Natalizumab is one of the most potent DMTs for relapsing MS and is generally considered to be a second-line or even third-line drug due to the risk of PML, a potentially life-threatening complication from the opportunistic infection of oligodendrocytes by the polyoma virus (John Cunningham virus (JCV)). The risk of PML associated with natalizumab therapy is in general 4.2 per 1000 depending on the duration of treatment, exposure to JCV (measured using the JCV antibody index; high if >0.9), and prior immunosuppressant therapy. However, natalizumab can be considered a first-line therapy for highly active MS patients aiming for rapid disease control, especially with the reported benefit of confirmed disability improvement (CDI) in a proportion of patients.

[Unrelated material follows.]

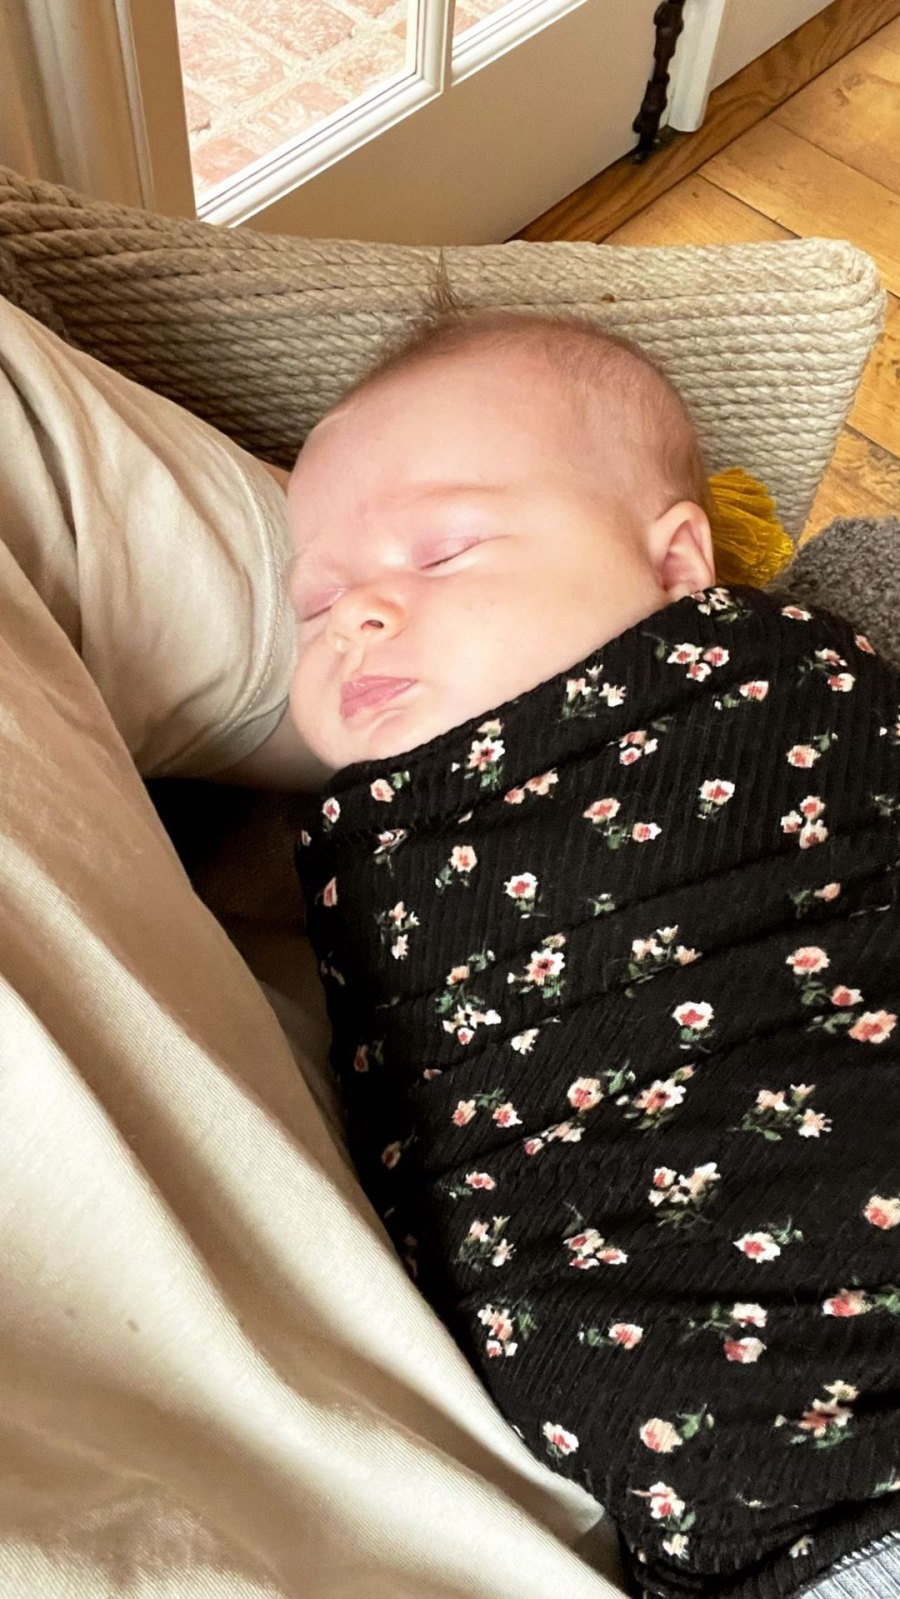 Hilary Duff and Matthew Koma's Daughter Mae's Baby Album Nap Time

Patients seronegative for the JCV antibody have negligible risk of PML (~1 in 10,000) and long-term therapy can be considered. For patients seropositive for the JCV antibody without prior immunosuppressant therapy, the risk of PML is estimated to be <1/1000 in the first 24 months of natalizumab therapy and increases to up to 4/1000 by 72 months of therapy (TYSABRI 2022), with further risk stratification according to the JCV antibody index [102].

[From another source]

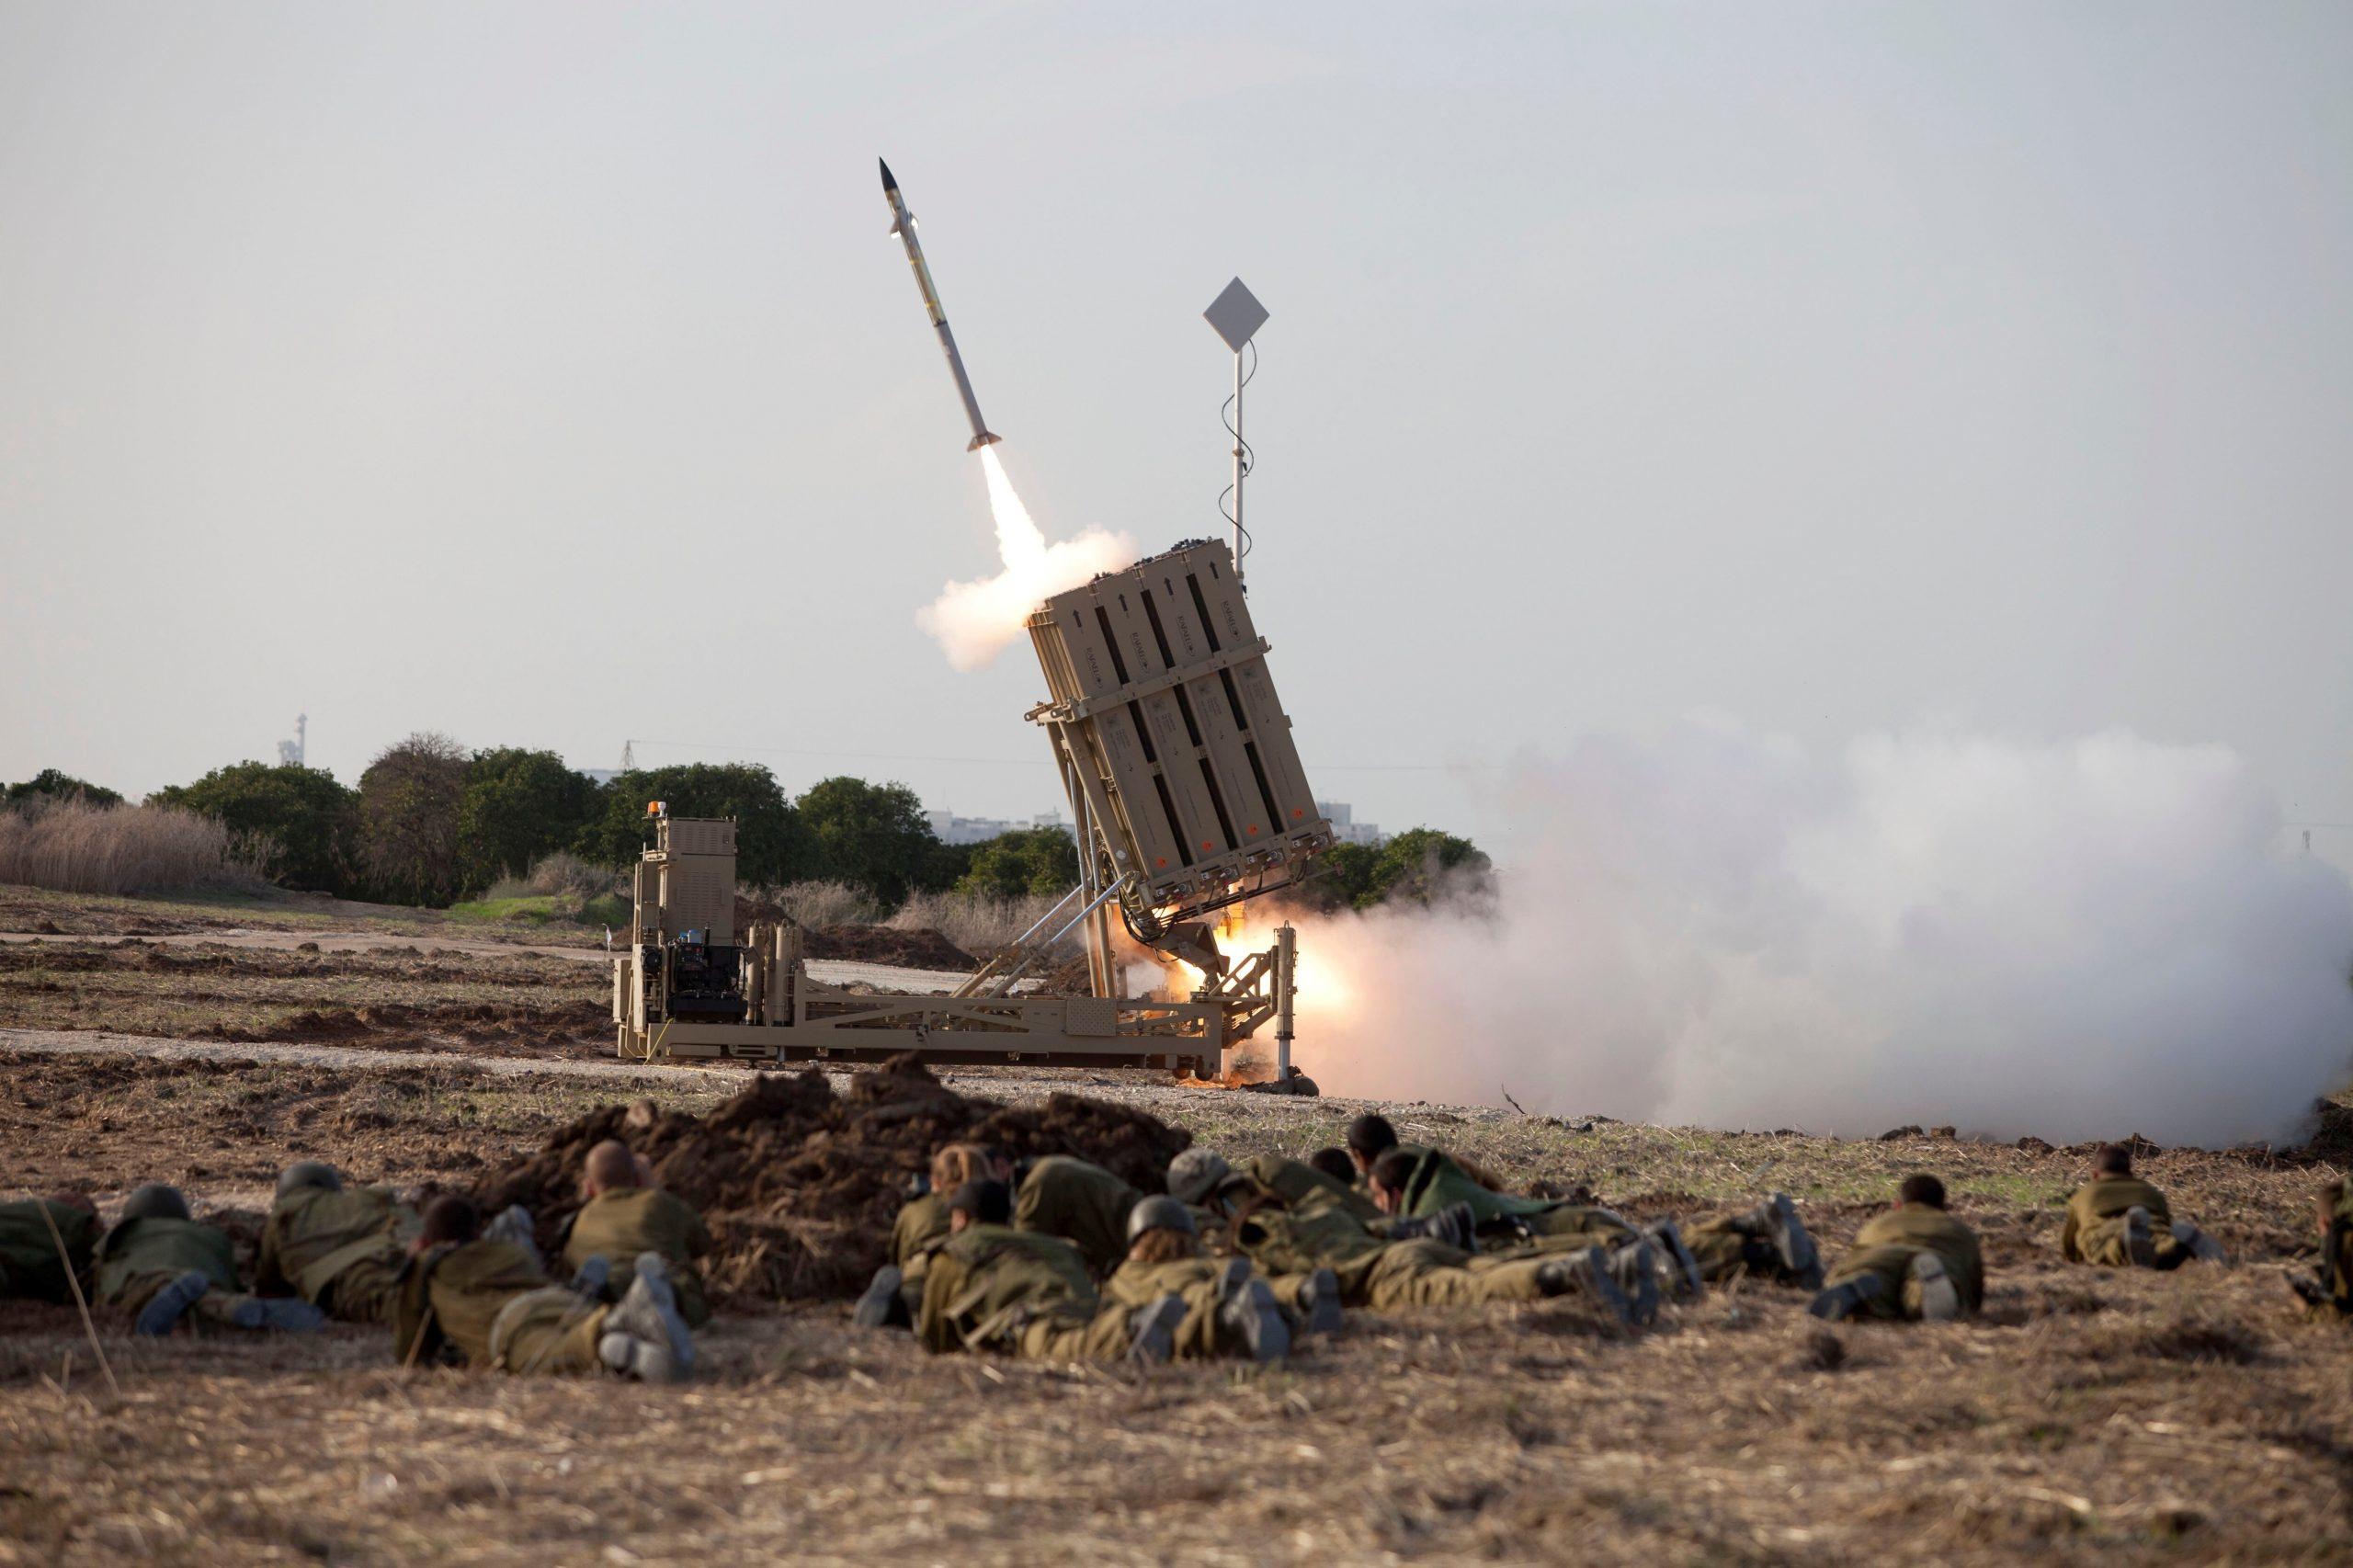 Israel and Gaza exchanged missile strikes

The JCV antibody index should be checked regularly at 6-month intervals in patients on natalizumab therapy. Those who become seropositive should consider switching to another DMT, especially as treatment duration reaches 2 years, to avoid PML. The discontinuation of natalizumab has been reported to be associated with MS disease reactivation or rebound [105]. A washout period of 8 to 12 weeks is associated with a lower risk of disease reactivation or rebound compared to the initiation of another DMT after 16 weeks [106]. Recently, extended-dose natalizumab, such as a 300 mg intravenous infusion every 6–8 weeks, has been reported to be associated with a lower risk of PML [42,43]. Natalizumab-sztn (Tyruko), a biosimilar of natalizumab, was recently approved in August 2023 by the FDA for highly active RRMS, and its clinical benefits and side effects are same as that of natalizumab.

4.4.2. Alemtuzumab

Alemtuzumab is a monoclonal antibody that targets the CD52 antigen, a protein found on the surface of mature lymphocytes but not on stem cells. Its mechanism of action in MS is tied to the depletion of circulating T and B lymphocytes, which are believed to instigate inflammation and relapses in MS. The rates of repopulation vary among CD52+ cell types, with monocytes returning to pretreatment levels within the first month and B cells fully recovering within 3 months and exceeding baseline numbers at 1 year. The recovery of T-cell subsets is slower, with CD8+ and CD4+ T cells taking about 12 months to reach the lower limits of normal [107,108].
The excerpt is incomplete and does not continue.